*** Opening of EXTRACTED INFORMATION ***

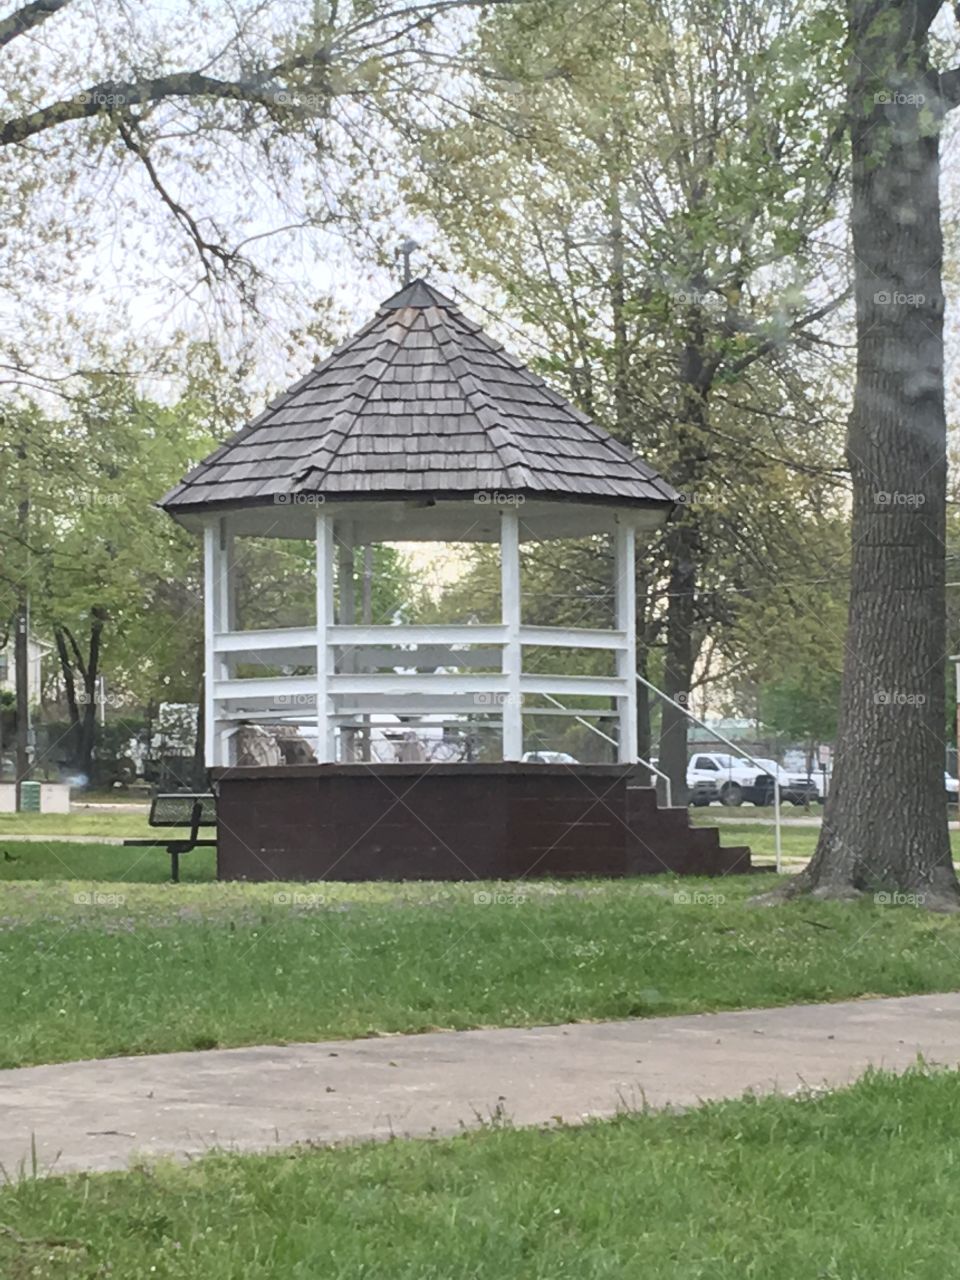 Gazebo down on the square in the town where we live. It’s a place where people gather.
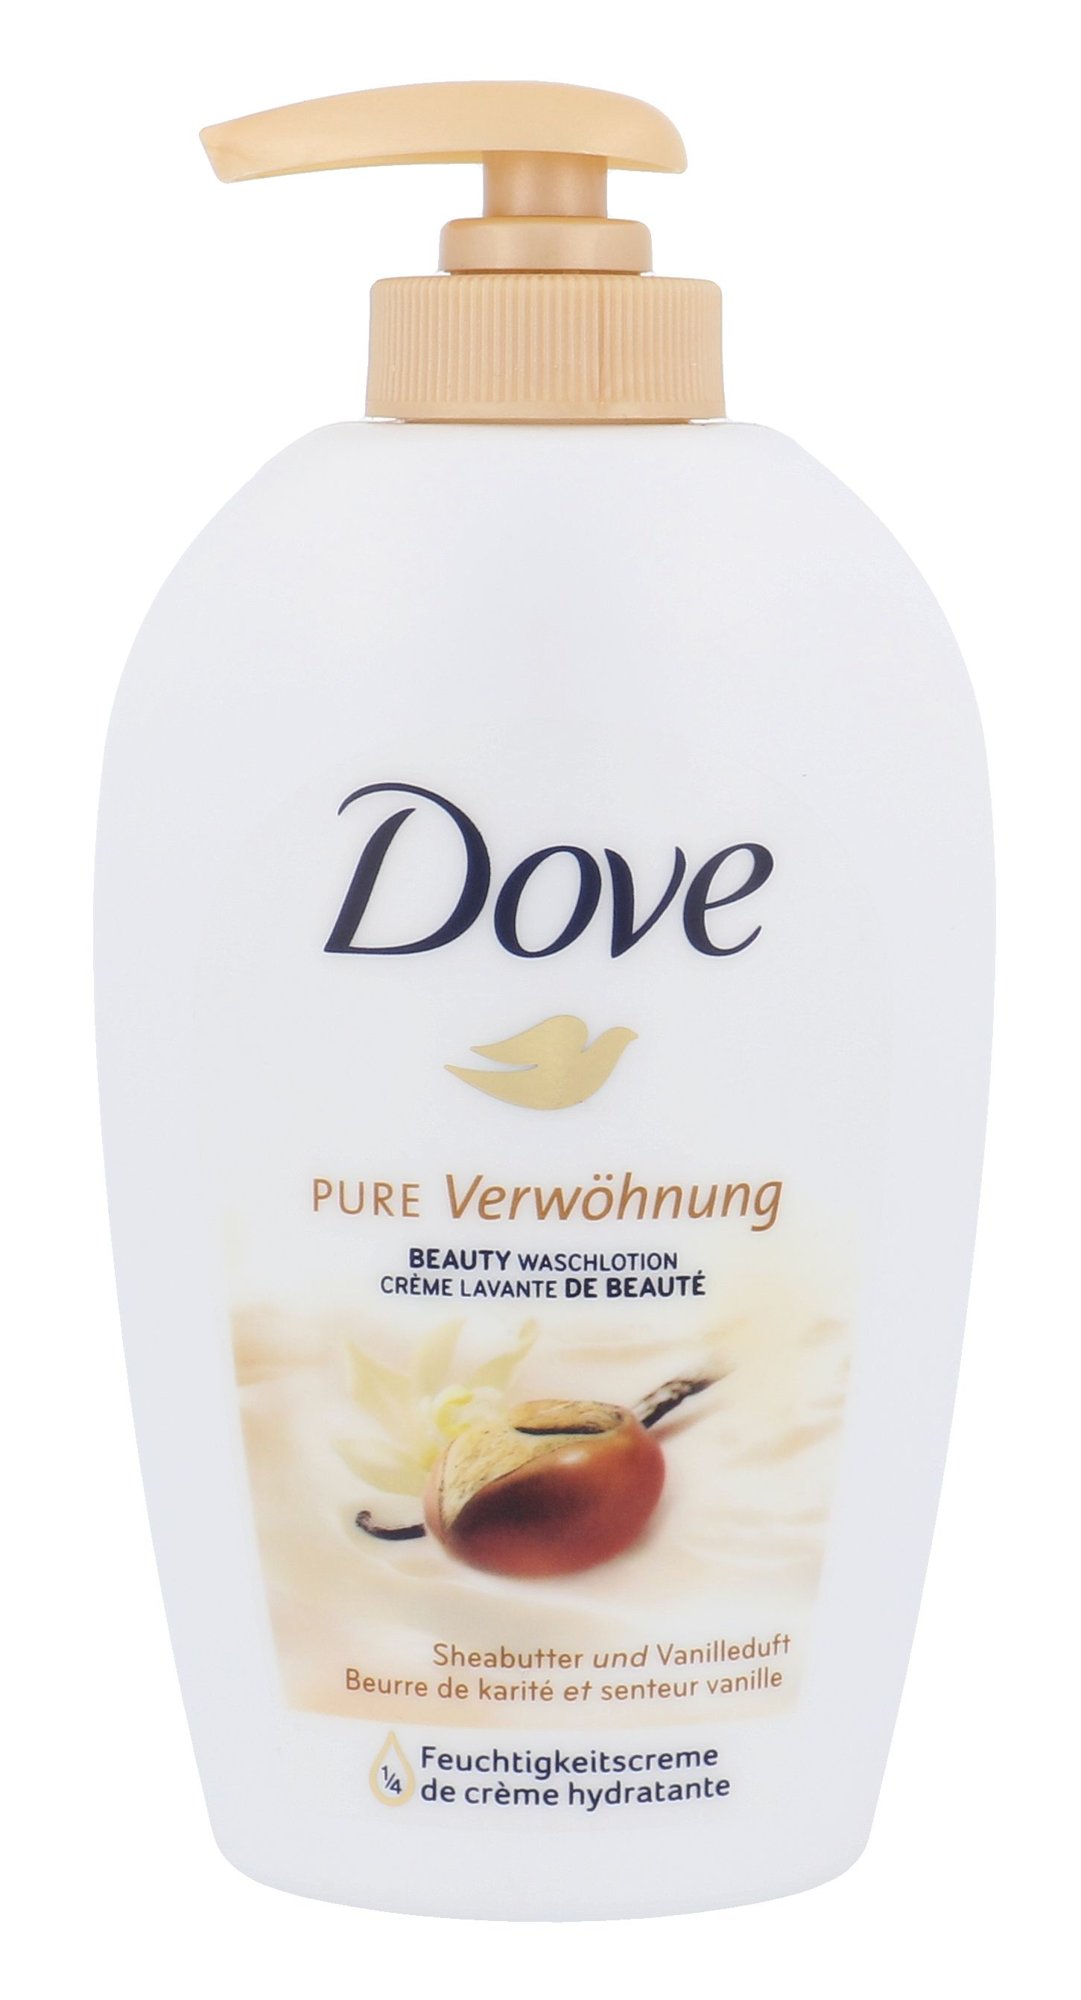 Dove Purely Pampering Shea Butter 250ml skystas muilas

*** Close of EXTRACTED INFORMATION ***
*** Opening of EXTRACTED INFORMATION ***

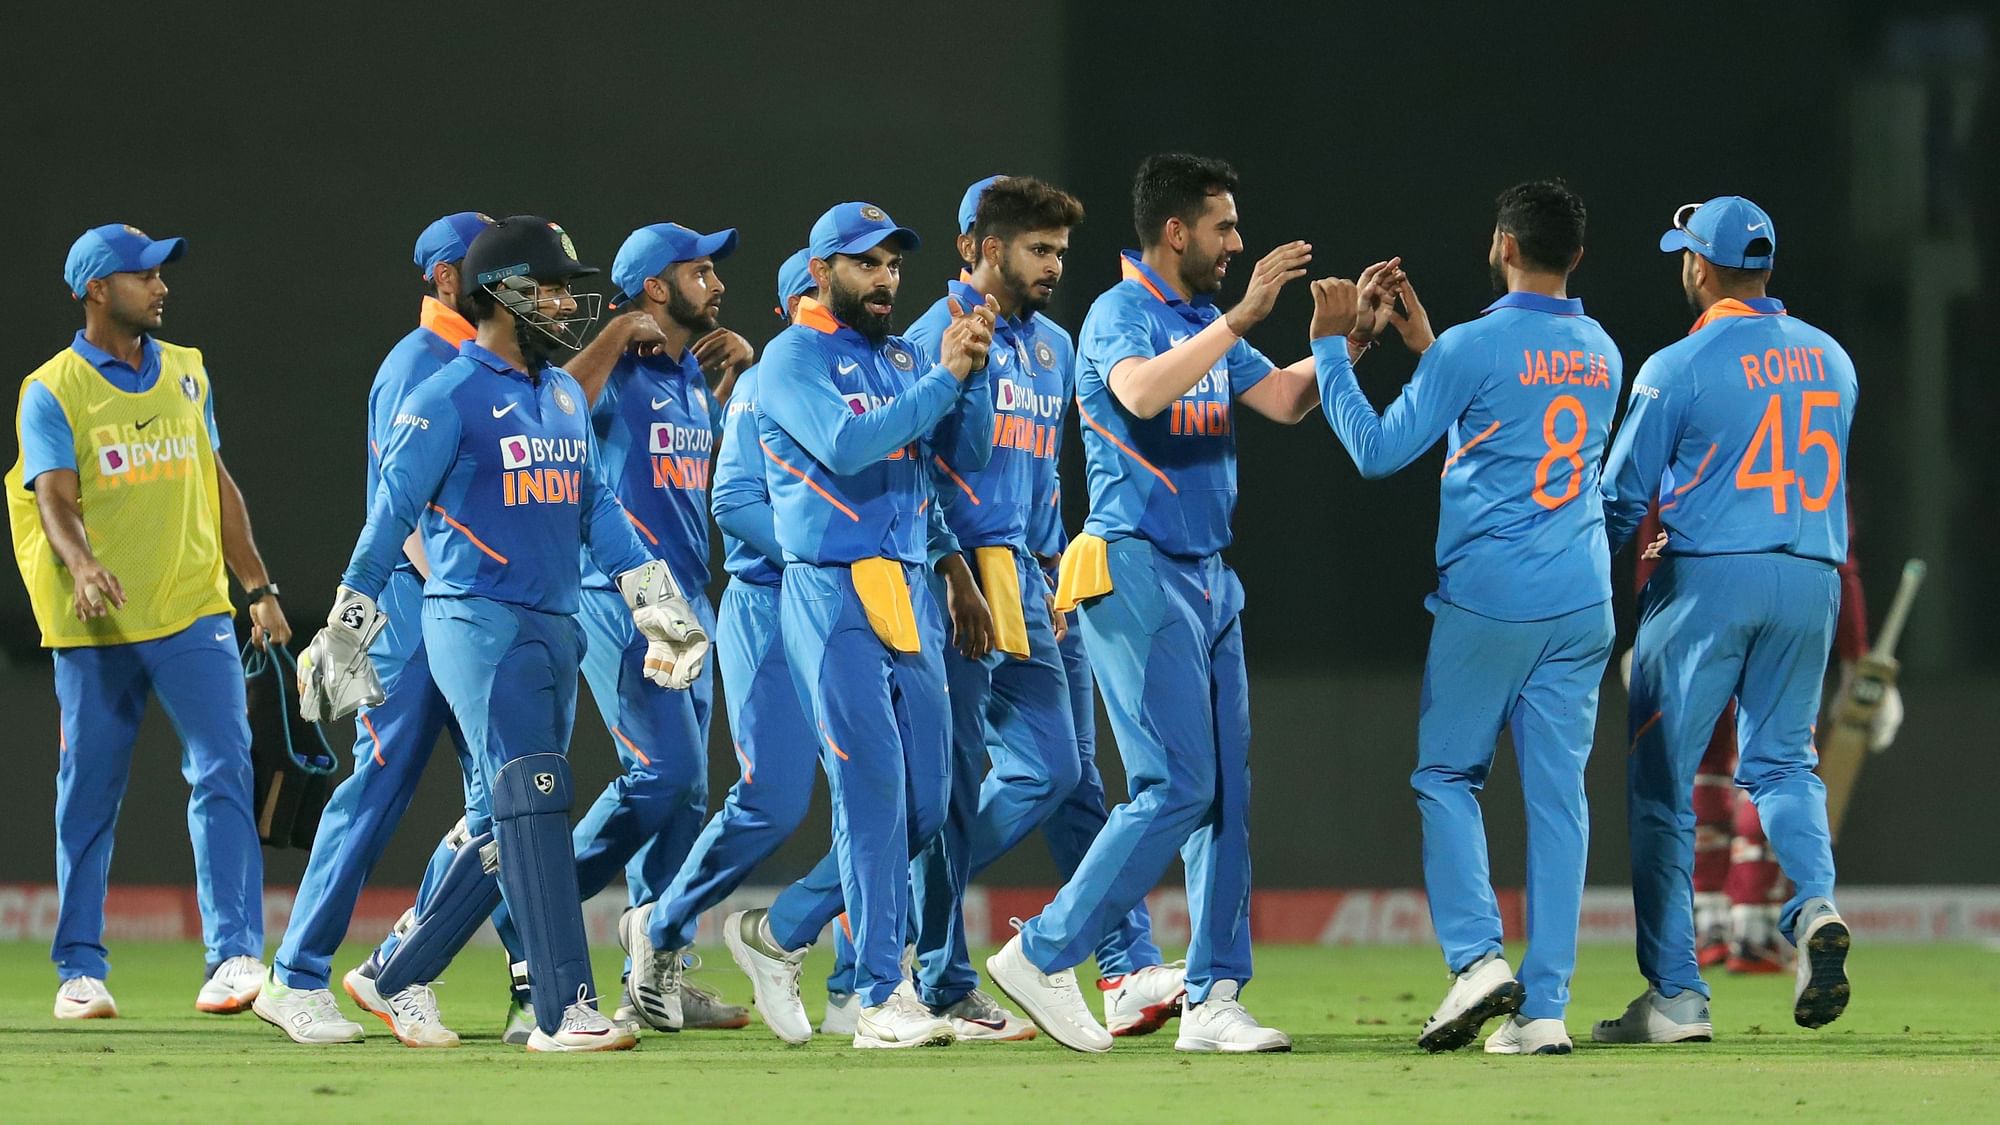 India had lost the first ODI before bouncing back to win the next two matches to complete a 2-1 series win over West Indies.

*** Close of EXTRACTED INFORMATION ***
*** Opening of EXTRACTED INFORMATION ***

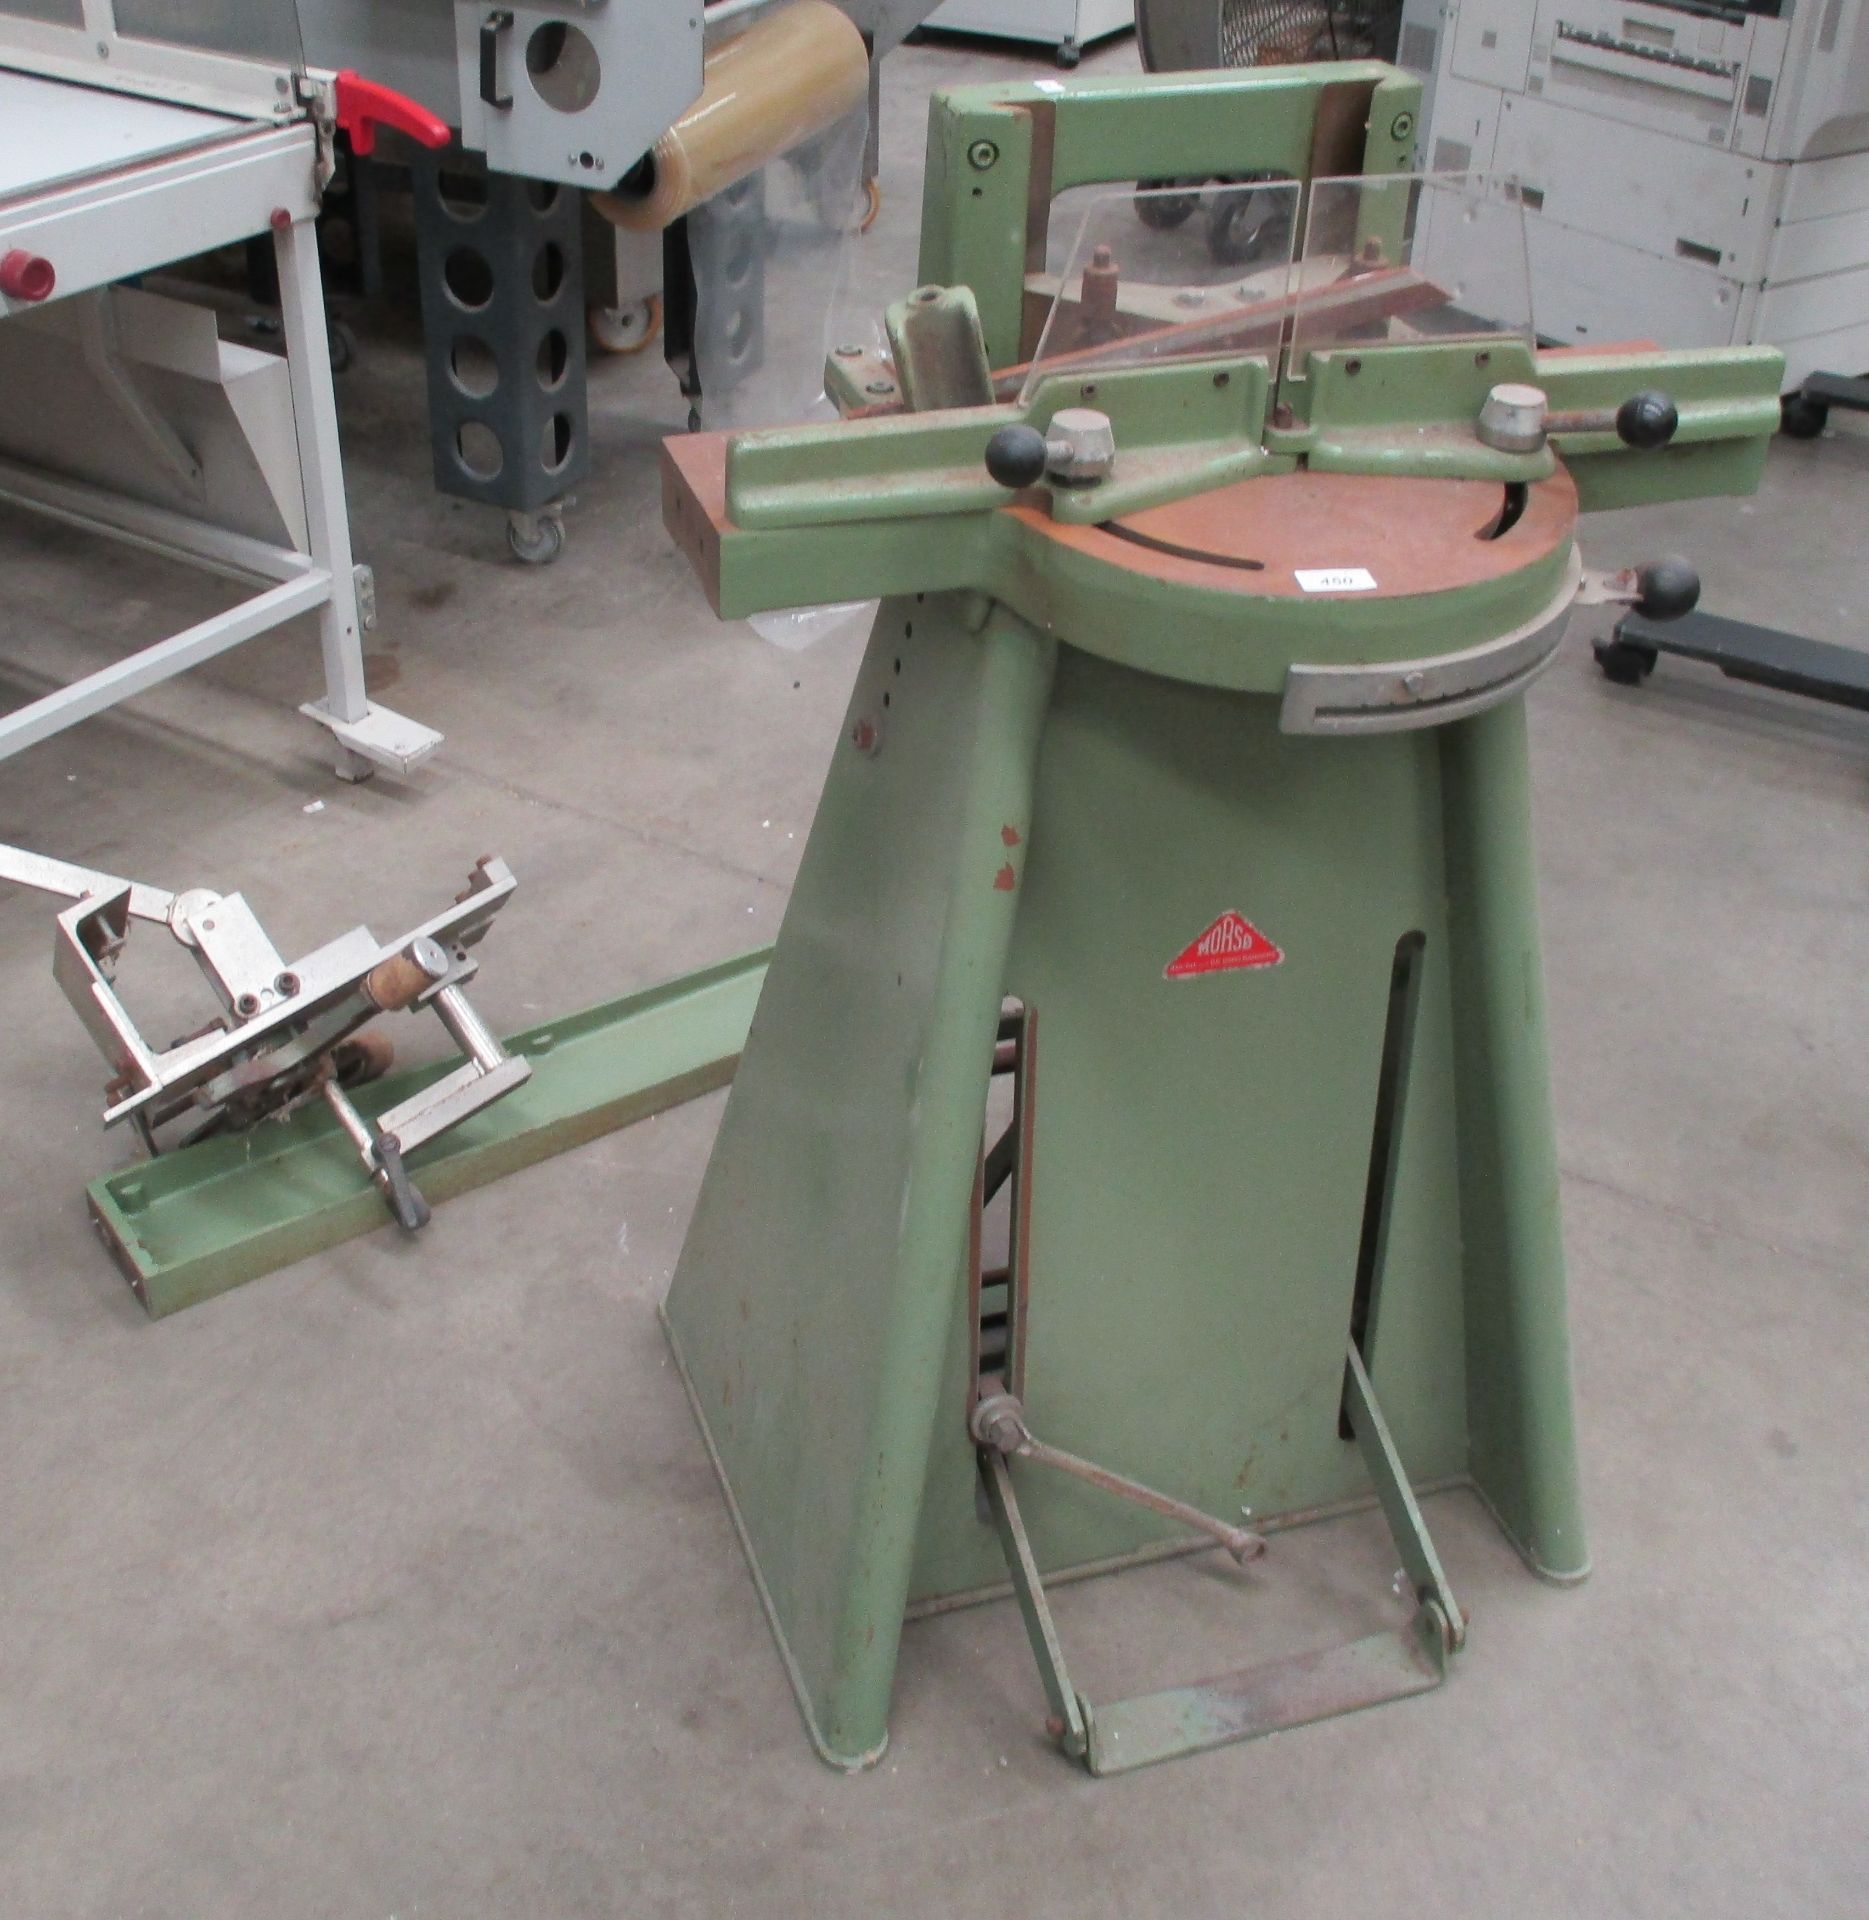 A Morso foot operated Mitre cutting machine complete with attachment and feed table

*** Close of EXTRACTED INFORMATION ***

• [EXERCISE DESCRIPTION]:
Leaving pictures out, output the lines of the data above from the one with "Gazebo down on" through the one with "Dove Purely Pampering", word for word.

• [SOLUTION FOR THIS PROBLEM]:
 Gazebo down on the square in the town where we live. It’s a place where people gather.
 Dove Purely Pampering Shea Butter 250ml skystas muilas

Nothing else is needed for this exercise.